• [WHAT YOU HAVE TO DO]:
For the listing below, return the line containing "Văn Toàn tươi", the line containing "Юбка-карандашЮбка-карандаш со скрытой", and all lines in between, exactly as written and nothing else.
───── SUPPLIED ENTRIES ─────
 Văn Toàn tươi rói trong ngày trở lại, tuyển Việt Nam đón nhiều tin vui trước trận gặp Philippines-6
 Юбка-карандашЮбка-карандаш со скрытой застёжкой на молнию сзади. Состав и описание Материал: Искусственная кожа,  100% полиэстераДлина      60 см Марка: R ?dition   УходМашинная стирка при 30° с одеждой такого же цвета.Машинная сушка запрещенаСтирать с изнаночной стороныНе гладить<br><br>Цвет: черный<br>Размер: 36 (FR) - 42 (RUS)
─────
───── SUPPLIED ENTRIES ─────
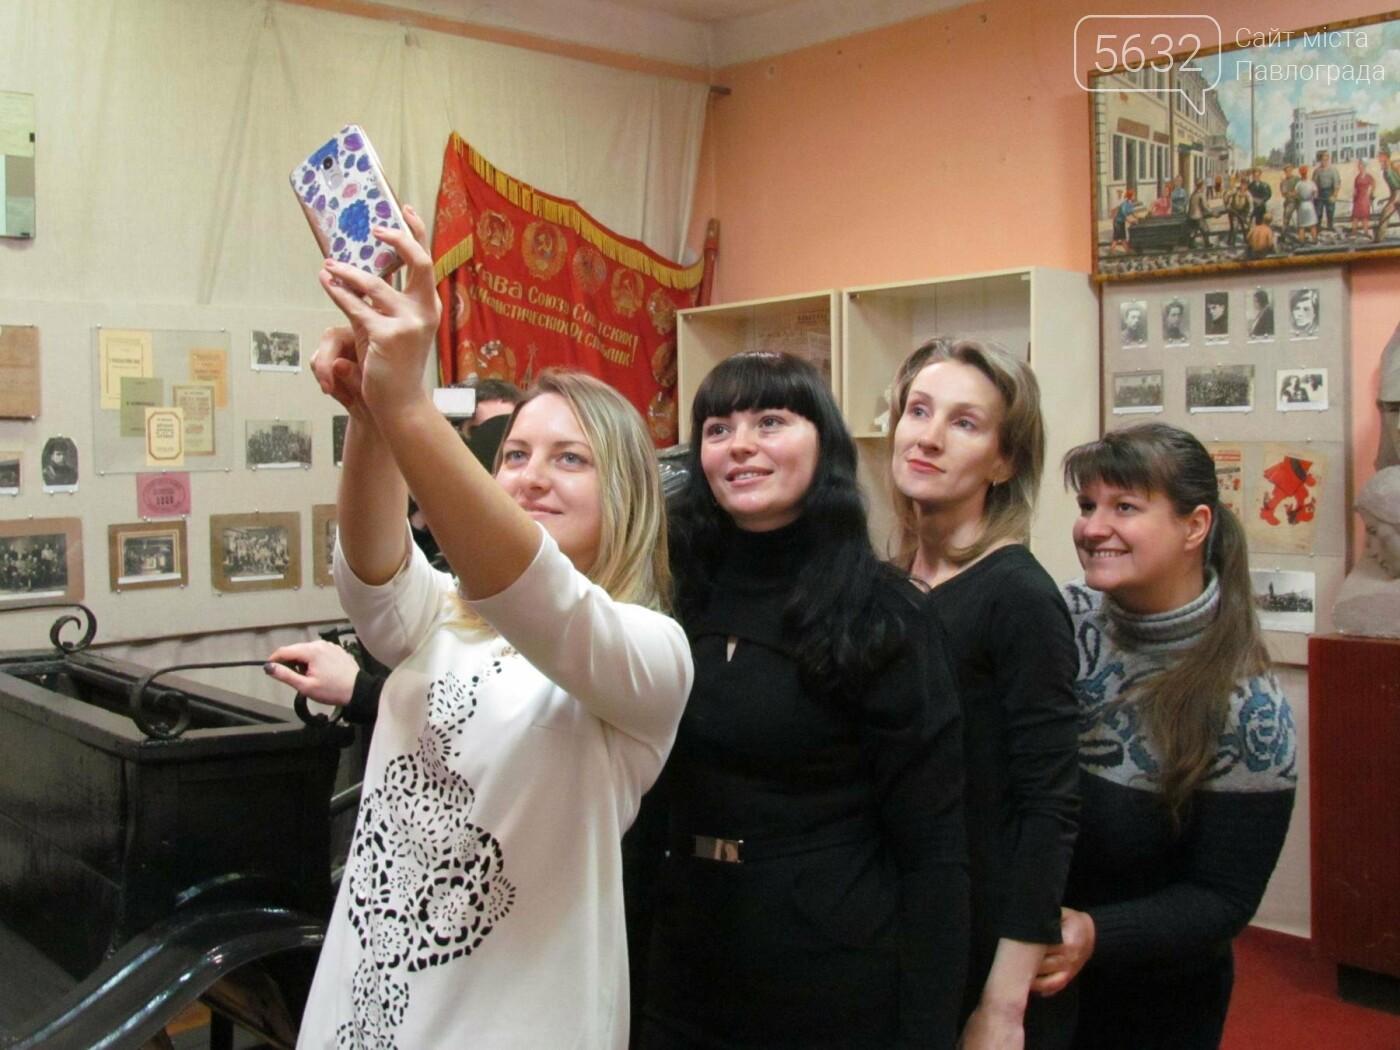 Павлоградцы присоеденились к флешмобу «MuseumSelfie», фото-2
─────
• [RESPONSE BOX]:
 Văn Toàn tươi rói trong ngày trở lại, tuyển Việt Nam đón nhiều tin vui trước trận gặp Philippines-6
 Юбка-карандашЮбка-карандаш со скрытой застёжкой на молнию сзади. Состав и описание Материал: Искусственная кожа,  100% полиэстераДлина      60 см Марка: R ?dition   УходМашинная стирка при 30° с одеждой такого же цвета.Машинная сушка запрещенаСтирать с изнаночной стороныНе гладить<br><br>Цвет: черный<br>Размер: 36 (FR) - 42 (RUS)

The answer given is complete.